Responding to character of context
In Pasadena, California, the Playhouse Plaza has replaced a single-story furniture store with “an architectural triumph that has added to Pasadena’s legacy of well-designed, beautiful buildings,” says Susan Mossman, Executive Director of Pasadena Heritage.
Located in the city’s revitalizing 32-block Playhouse District, the 155,000-square foot mixed-use development includes office space with ground floor shops and restaurants organized around courtyards and paseos and fronting two important commercial thoroughfares.
The building’s open spaces and architecture celebrate the Pasadena Playhouse, an early 20th Century theater with a unique and unusual history that stands across the street.
Because of the historical importance of the playhouse, the development of the site was embroiled in a multiyear battle. The dispute was settled by a series of charrettes that led to the current design.
The developer wanted a building that met 21st Century functional and constructional requirements. The community wanted a building that would relate seamlessly to its historic setting and sit comfortably with the scale of existing buildings.
“The final project is a lesson in listening to the concerns of the community up front, so that stakeholder consensus, including community perspectives, can be achieved and successfully implemented early on,” notes Nina Chomsky, Community Activist.
The site fronts Colorado Boulevard, famous for the Rose Bowl Parade, a formerly automobile-dominated thoroughfare that is transitioning to an urban place. The six-story Art Deco-style façade, inspired by the rich Deco traditions of Los Angeles, reflects the scale of commercial structures on that street.

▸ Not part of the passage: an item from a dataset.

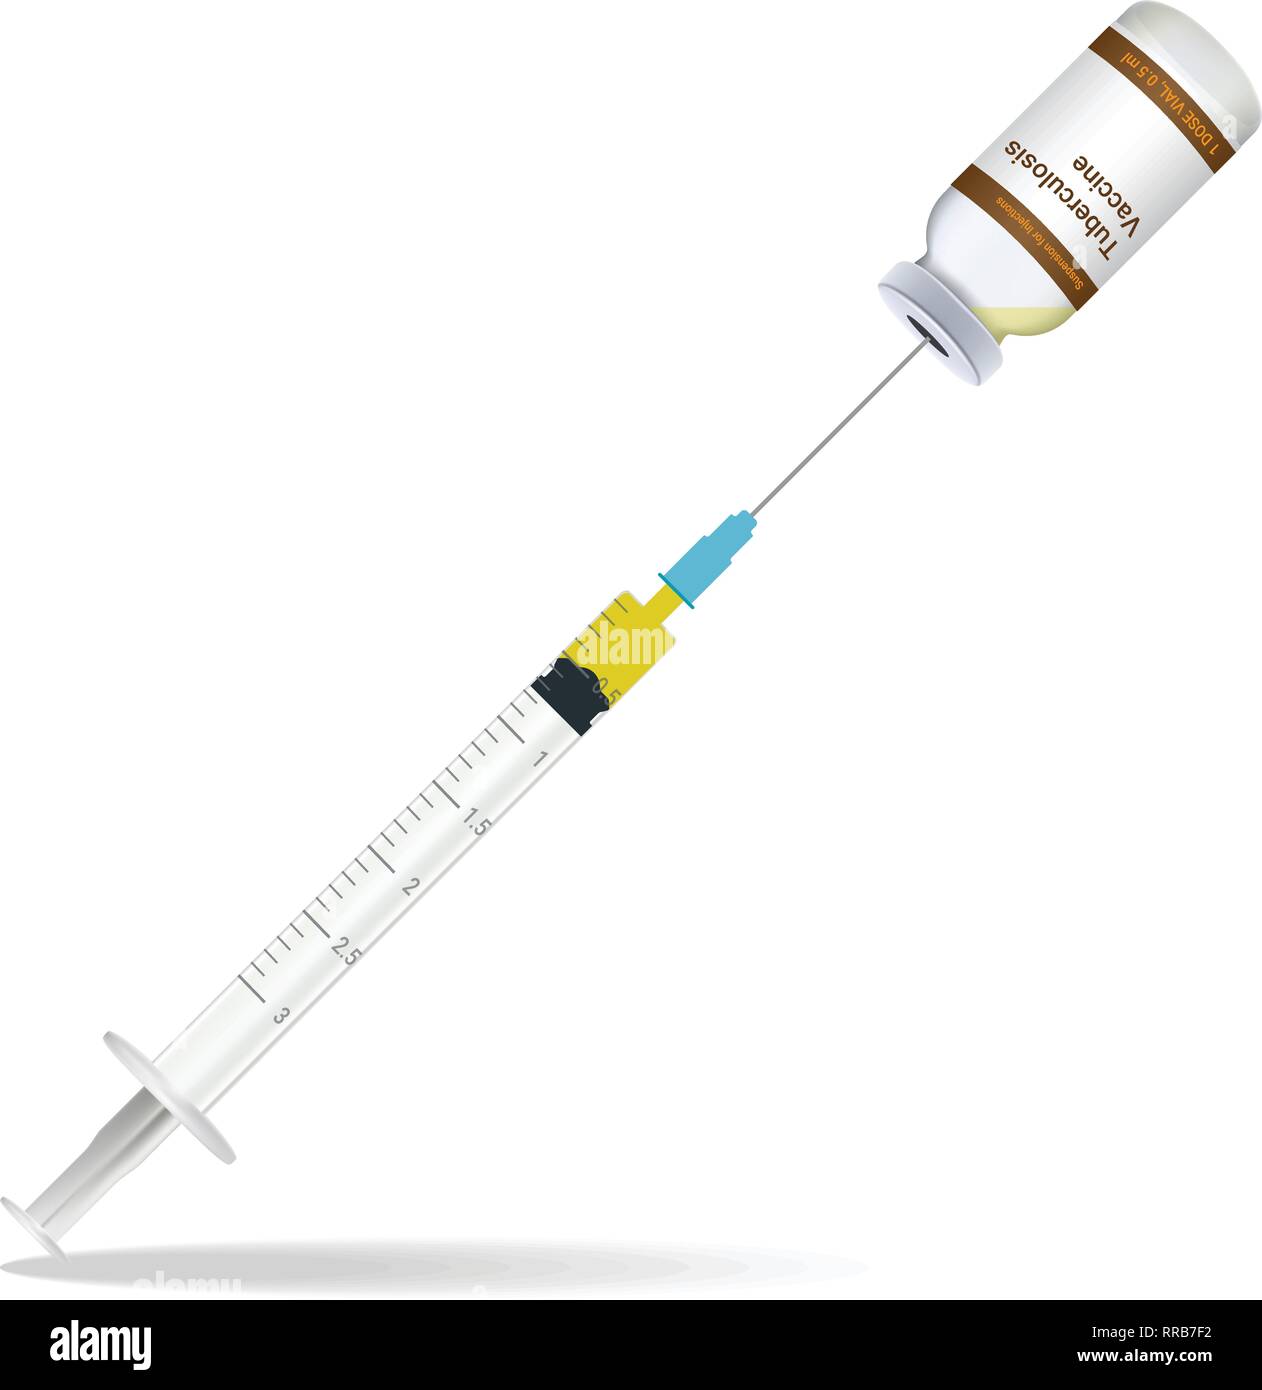 La vaccination, vaccination contre la tuberculose et d'injection seringue contiennent quelques bouteille d'injection isolé sur un fond blanc. Vector Illustration. Illustration de Vecteur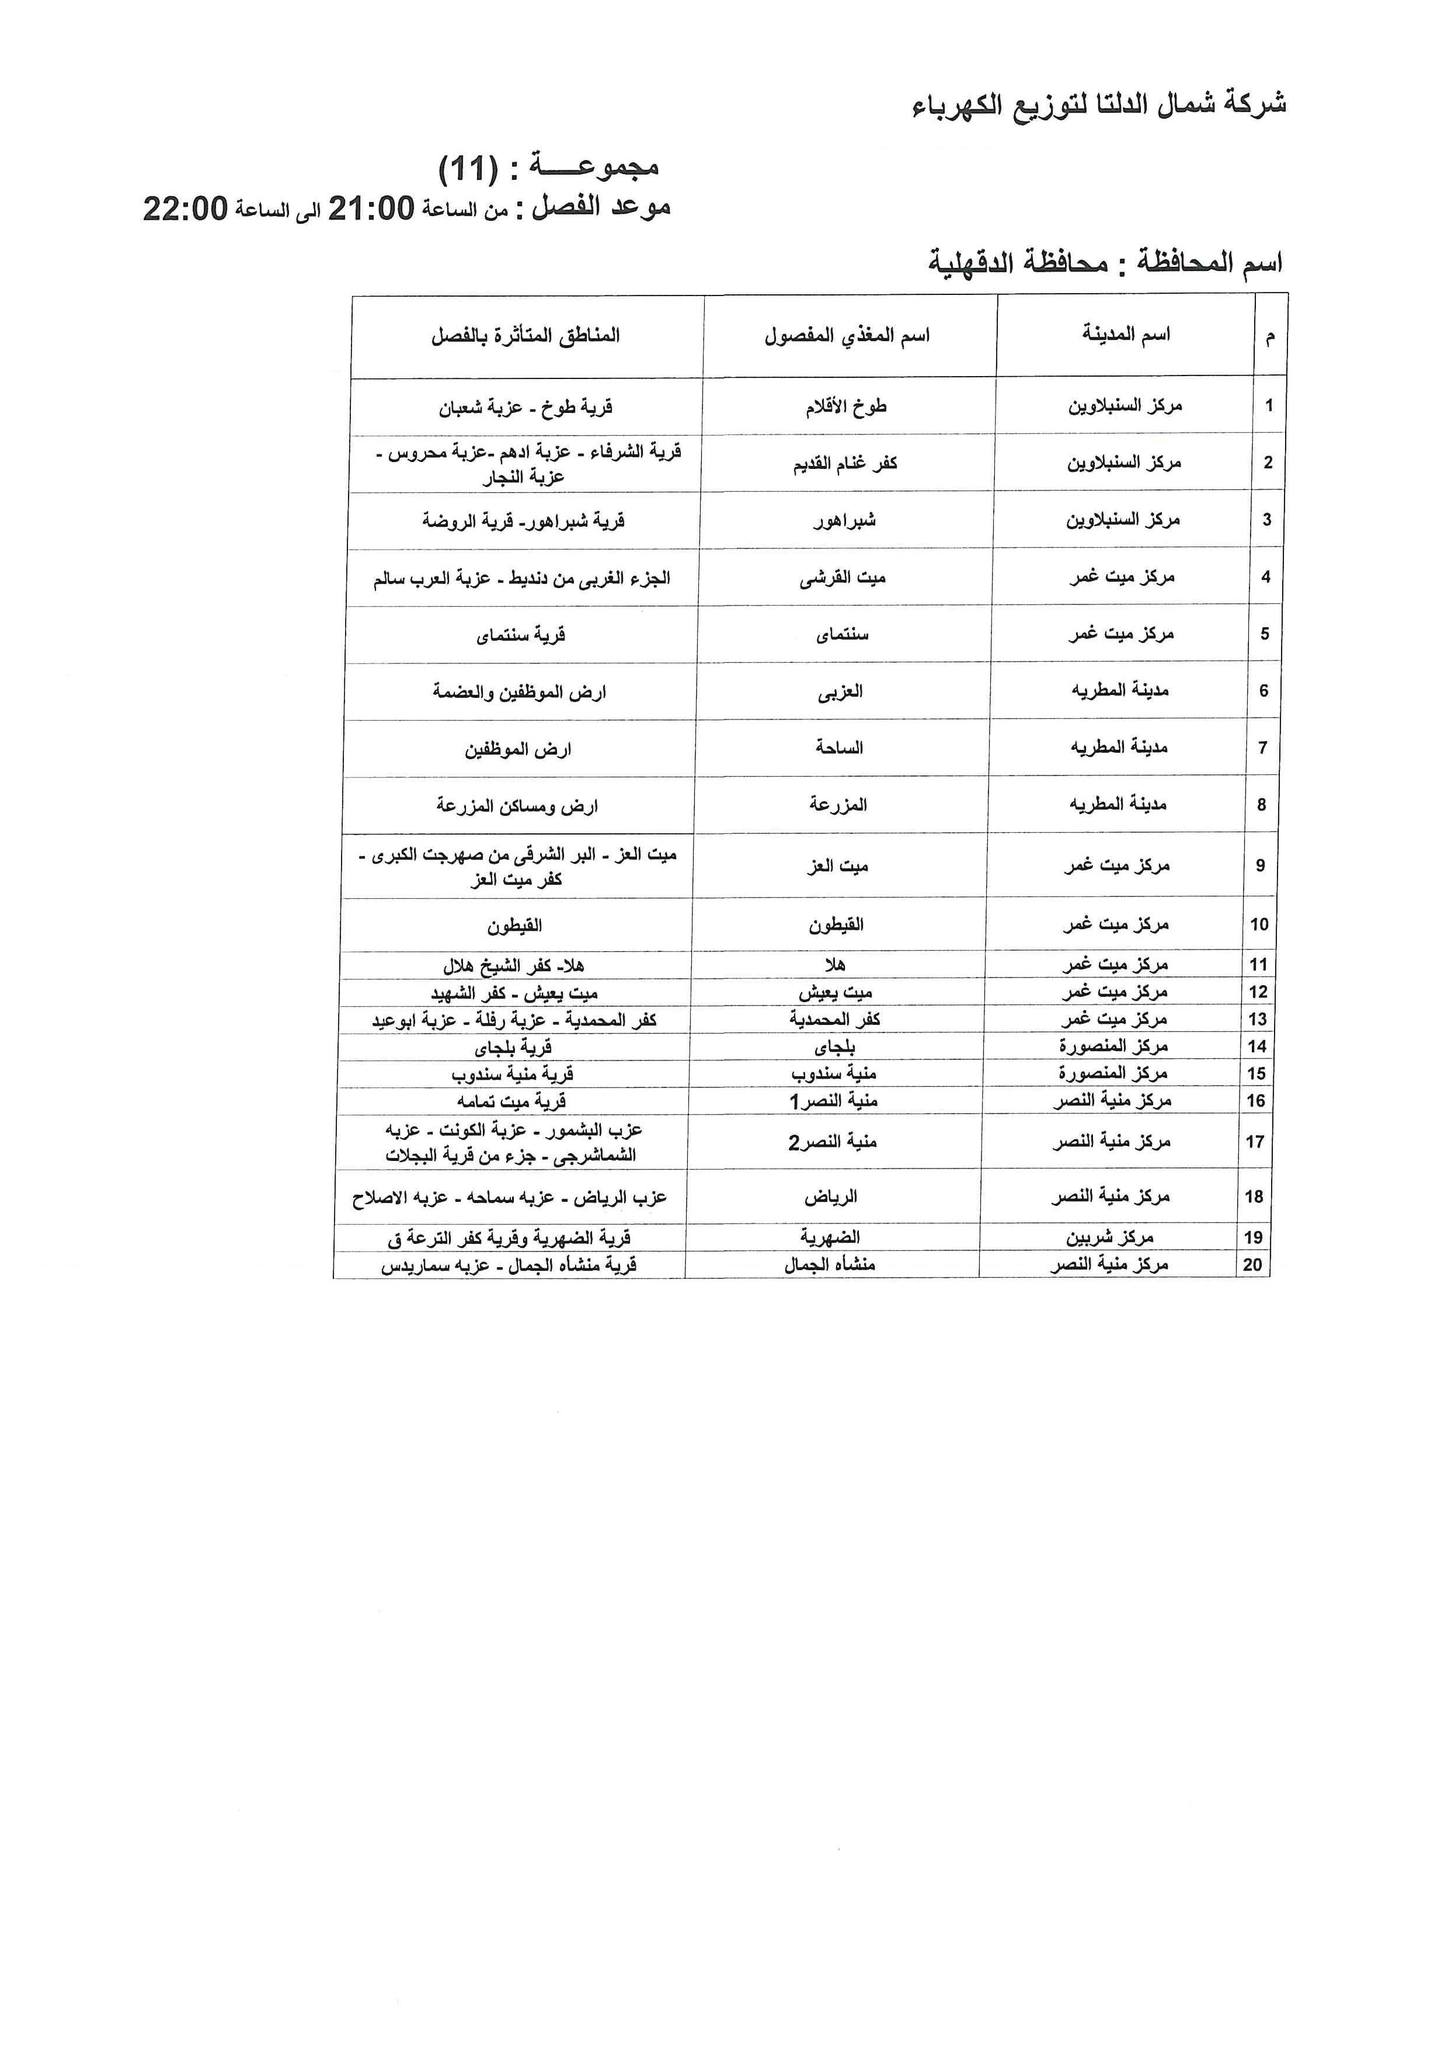 الإعلان عن خطة تخفيف أحمال الكهرباء فى محافظة الدقهلية 20

To the west, along El Molino Avenue, the building faces the historic two-story playhouse with its courtyard opening on to the street. Playhouse Plaza echoes this gesture on the opposite side of the street, forming a joint mid-block quad framed by two-story buildings. The retail buildings facing the historic Playhouse reuse the historic brick of the former demolished retail building on the site—using material to express memory.
Resolving the new building’s relationship with the historic playhouse was instrumental in reaching political consensus, demonstrating the power of New Urbanism to bring communities together.
Playhouse Plaza won a CNU Charter Award in 2016 for Moule & Polyzoides, Architects and Urbanists.